Die Wirkung muss belegbar sein

Je etablierter der Begriff Return on Education wird, desto größer wird zugleich die Versuchung, ihn unbelegt zu verwenden. Ein Webinar heißt schnell Bildungsformat, ohne dass später geprüft wird, ob tatsächlich etwas gelernt wurde. Gerade weil Beispiele wie die genannten zeigen, wie viel Aufwand eine seriöse Umsetzung erfordert, fällt ein bloßes Umetikettieren bestehender Kampagnen zunehmend auf.

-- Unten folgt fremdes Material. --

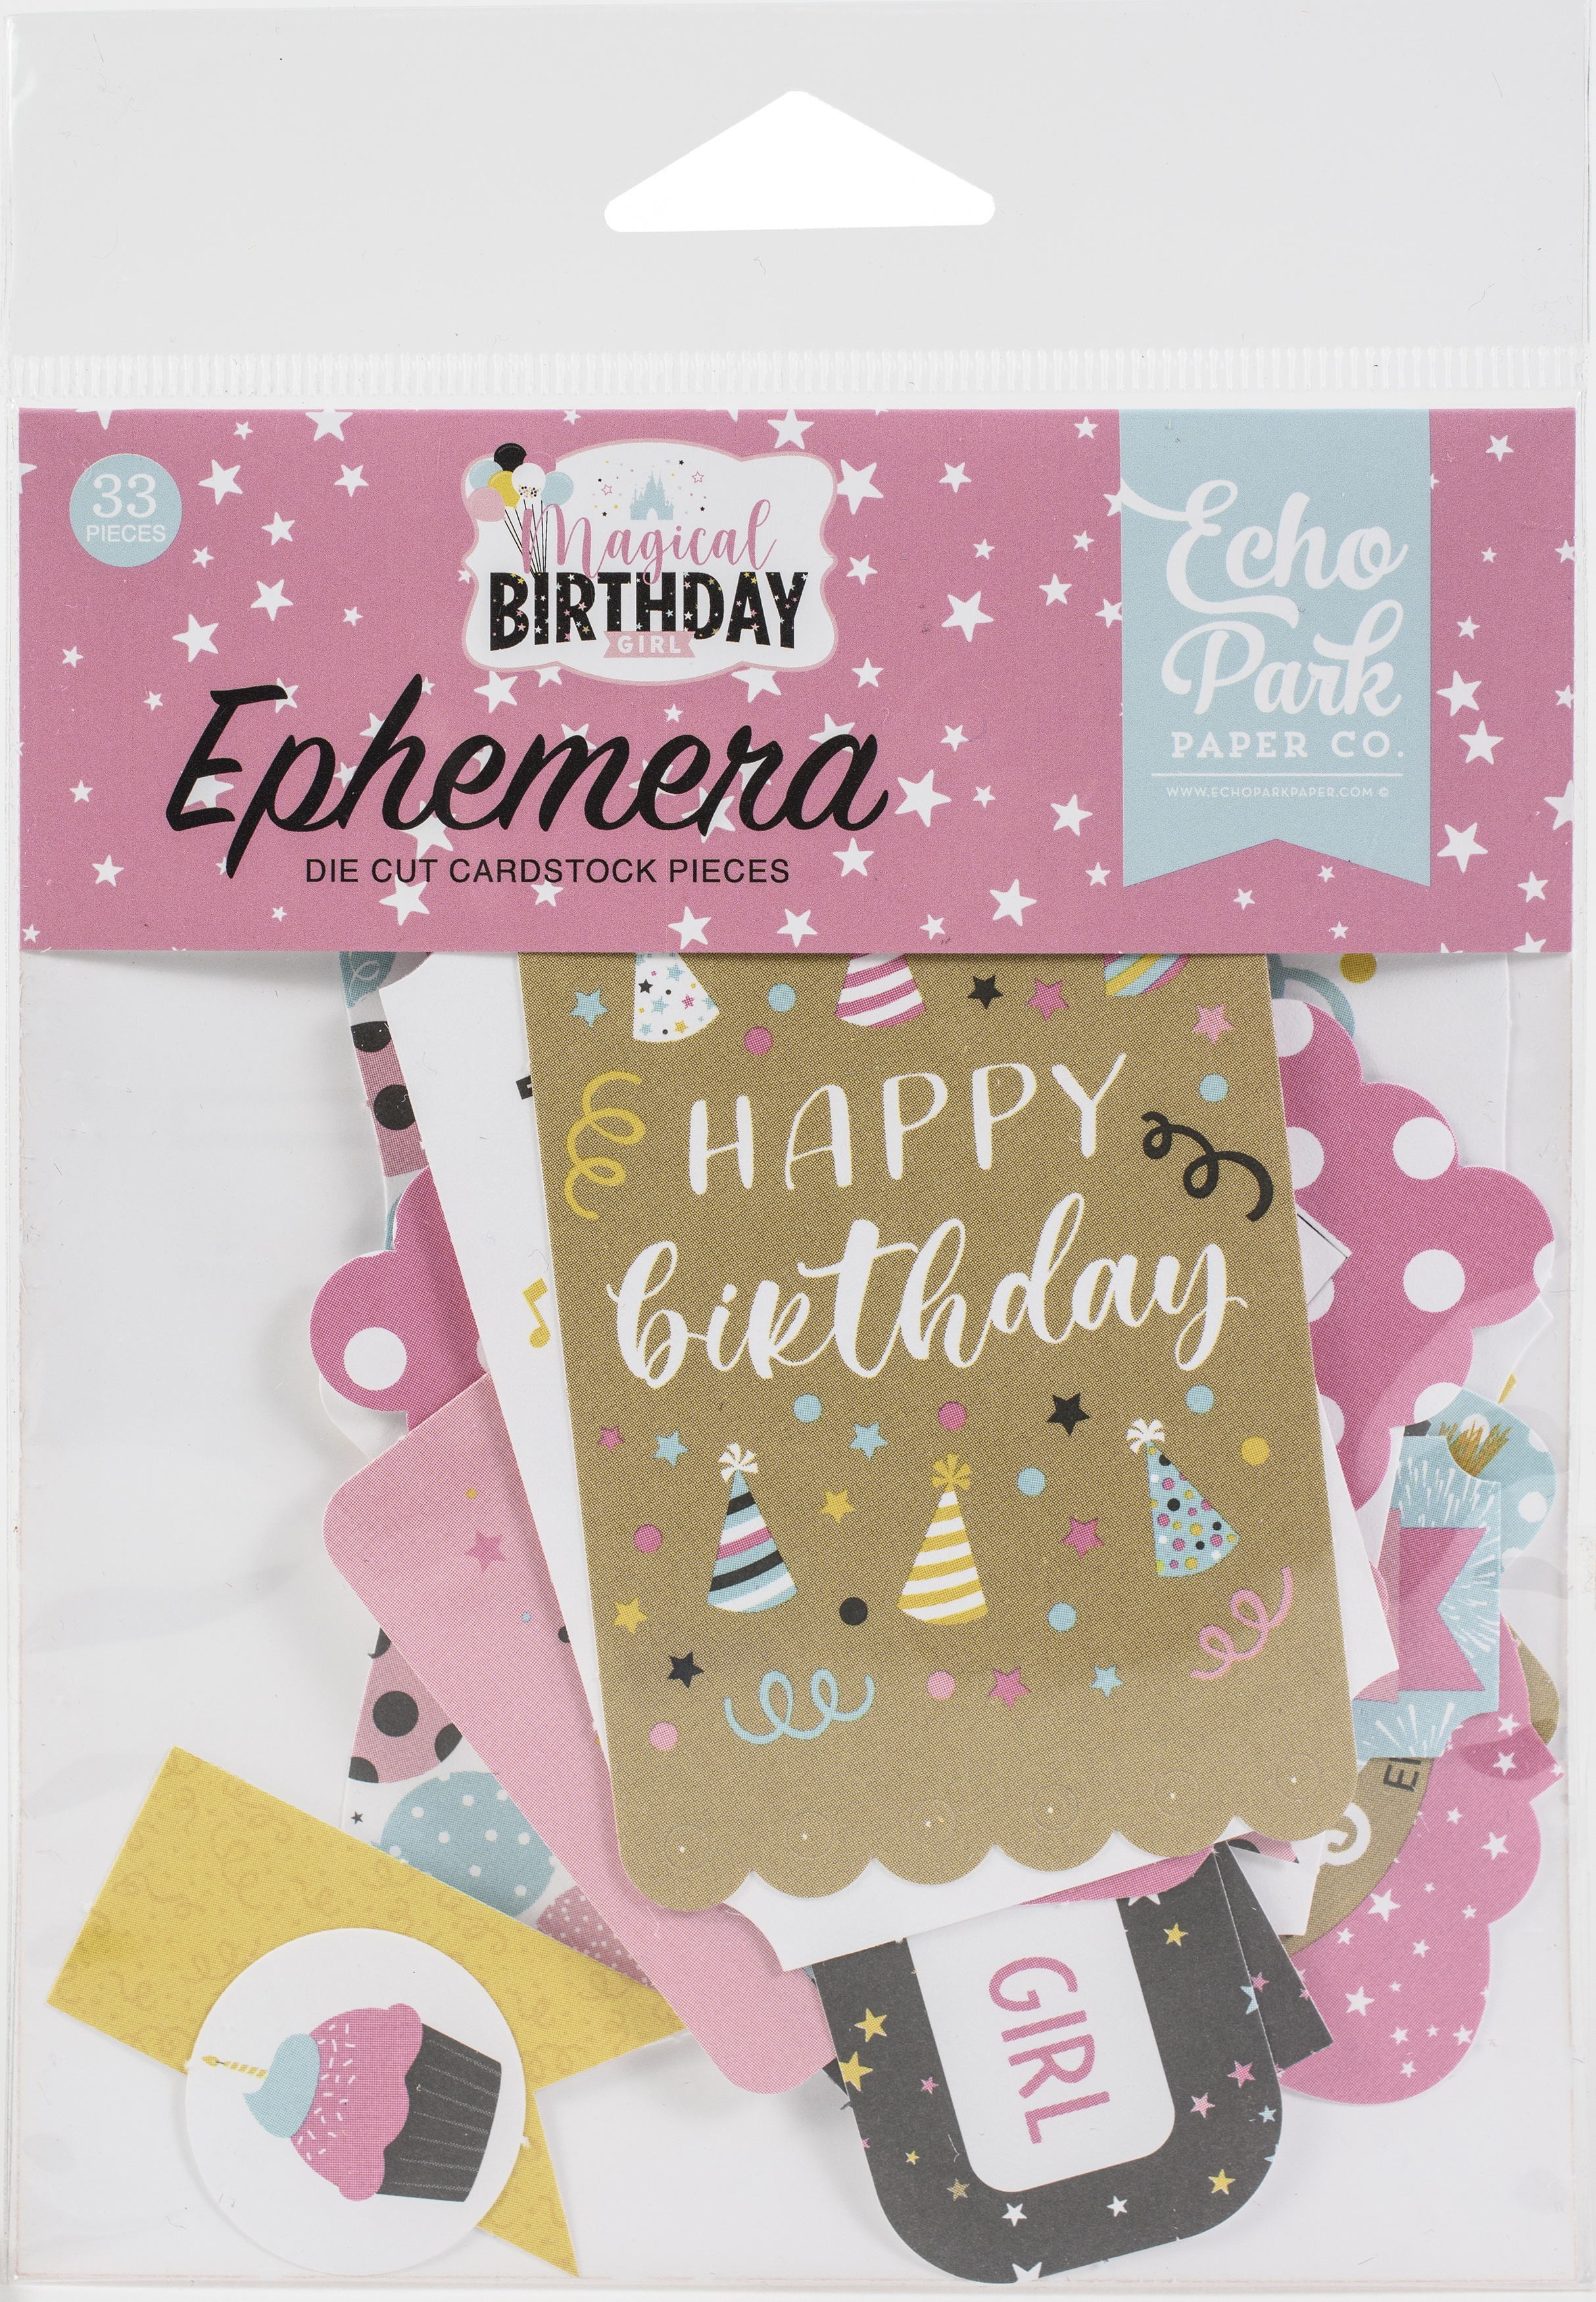 Echo Park Cardstock Ephemera 33/Pkg-Icons, Magical Birthday Girl

Für Marketingabteilungen wie für Agenturen steckt darin auch ein Reputationsrisiko, denn wer Wirkung behauptet, ohne sie zu belegen, verliert bei der nächsten kritischen Nachfrage an Glaubwürdigkeit, und mit ihr das Argument für künftige Budgets.

Return on Education verändert damit nicht nur, was kommuniziert wird, sondern wie Marketingabteilungen und Agenturen miteinander arbeiten, beginnend von der Budgetlogik über das Briefing bis hin zur Datenfrage. Die Beispiele aus der Branche zeigen, dass dieser Umbau bereits läuft und sich lohnt, weil Unternehmen, die konsequent auf Wirkung statt Reichweite setzen, ein Vertrauensverhältnis zu Ärztinnen und Ärzten aufbauen, das sich langfristig auszahlt.